Task statement
All lines from the one containing "< SERVICE INFORMATION >" to the end of the entries below should be output exactly as they appear. No other lines should be output.

Material supplied
────────────────────

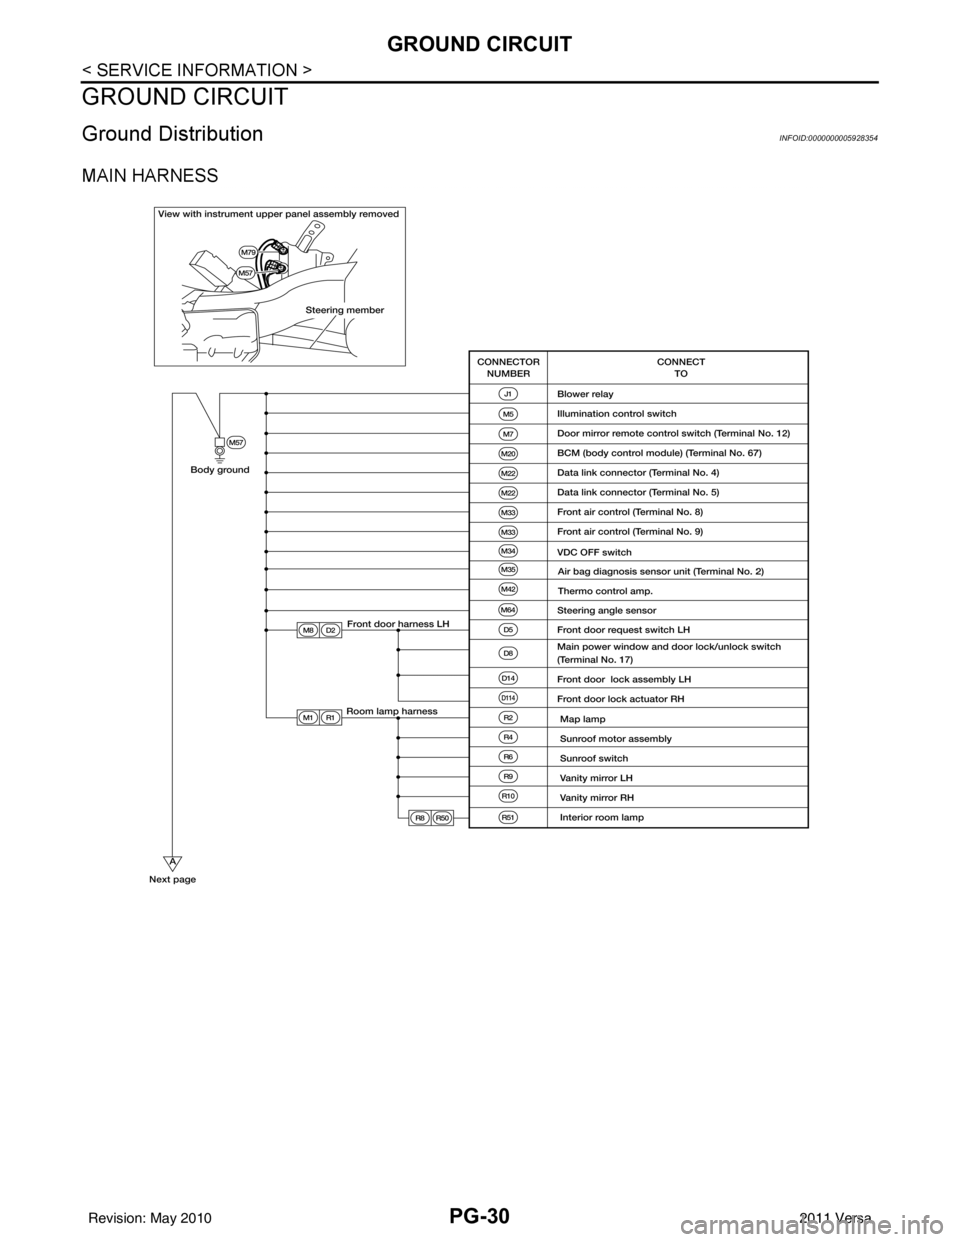 NISSAN LATIO 2011  Service Repair Manual PG-30
< SERVICE INFORMATION >
GROUND CIRCUIT
GROUND CIRCUIT
Ground DistributionINFOID:0000000005928354
MAIN HARNESS
Revision: May 20102011 Versa

────────────────────

Result
< SERVICE INFORMATION >
GROUND CIRCUIT
GROUND CIRCUIT
Ground DistributionINFOID:0000000005928354
MAIN HARNESS
Revision: May 20102011 Versa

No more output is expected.